The present invention relates generally to the fabrication of fiber-reinforced plastic (FRP) components using the vacuum-assist-resin-transfer-mold (VARTM) approach, and, more particularly, to an improved method thereof.
In VARTM processing, dry fiber strips, plies, or mats are applied over a mold surface to form a fiber lay up of desired thickness. In addition, one or more closed-cell core layers may be included. A flexible, gas impervious sheet, liner, or bag is placed over the lay up to form a sealed vacuum envelope over the mold. Catalyzed resin is then injected into the mold through a series of disposable supply lines and conduits placed on or adjacent to the fiber lay up and allowed to “wet” the fiber mat to produce a fiber-reinforced plastic laminate.

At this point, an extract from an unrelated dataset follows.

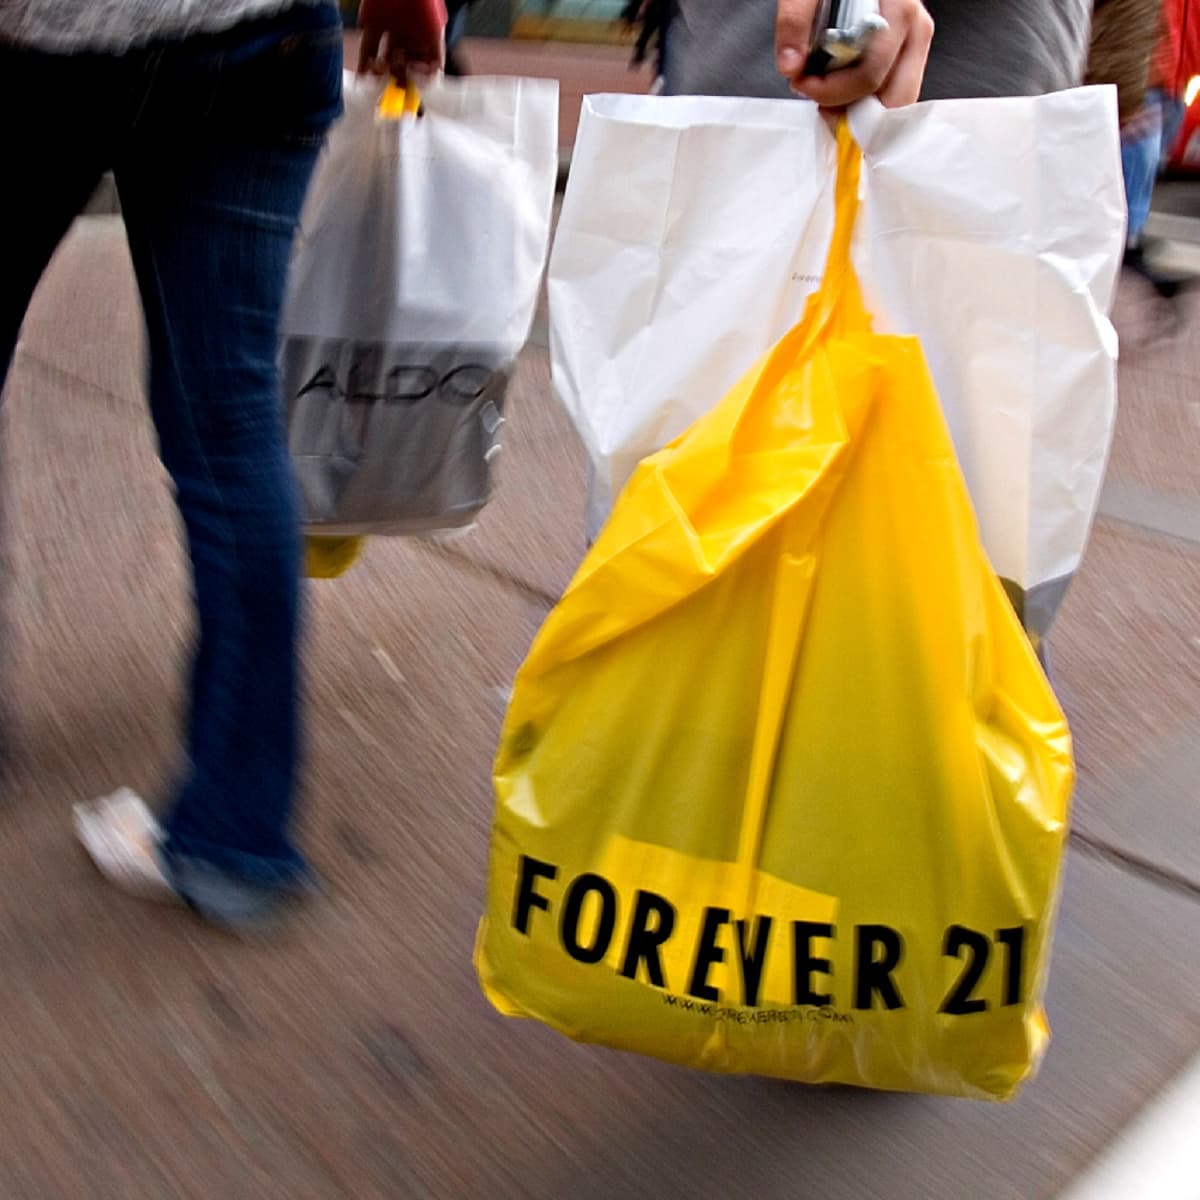 Forever 21 Filed for Bankruptcy and Will Close Nearly 350 Stores

A major disadvantage of this approach includes long setup times for the injection and vacuum ports/runners. Common practice is to assemble a series of tubes and connectors to a helical spring to create a manifold; see e.g., U.S. Pat. No. 4,902,215, issued to William Seeman on Feb. 20, 1990. This labor-intensive operation requires more up-front effort for fabrication and placement of these manifolds prior to the bagging operations. Another disadvantage is the long mold-filling time, resulting in elevated costs for consumable materials as well as touch labor. For large parts, the flow issue is increasingly problematic with the risk of resin cure prior to total mold fill, resulting in very expensive scrap parts.
Conventionally, there have been a number of ways to reduce the time standards associated with the VARTM process. Current techniques call for the use of a distribution media constituted of spaced-apart lines running crisscross one with another forming two sets of parallel lines which act as vertical pillars creating lateral passageways running in the direction of flow; see e.g., U.S. Pat. No. 4,902,215, issued to William Seeman on Feb. 20, 1990. Another design employs the use of resin conduits integral to a reusable silicone bag; see e.g., U.S. Pat. No. 5,316,462, issued to William Seeman on May 31, 1994.
Each of these techniques has drawbacks. A distribution media with lateral passageways provides a directionalized flow, leaving a potential for local dry spots throughout the laminate, which may result in costly rework or scrap. A reusable bag with integral resin conduits is specific to the geometry to be fabricated. This approach thereby yields a geometry-specific system, requiring specialized bags for different shapes and sizes. Both techniques increase skill and time requirements to fabricate a resultant article to meet the desired standards for cost and quality.
What is needed is a means of providing a non-directional, high-permeability system for VARTM applications, with a universal, modular, and reusable port-runner device.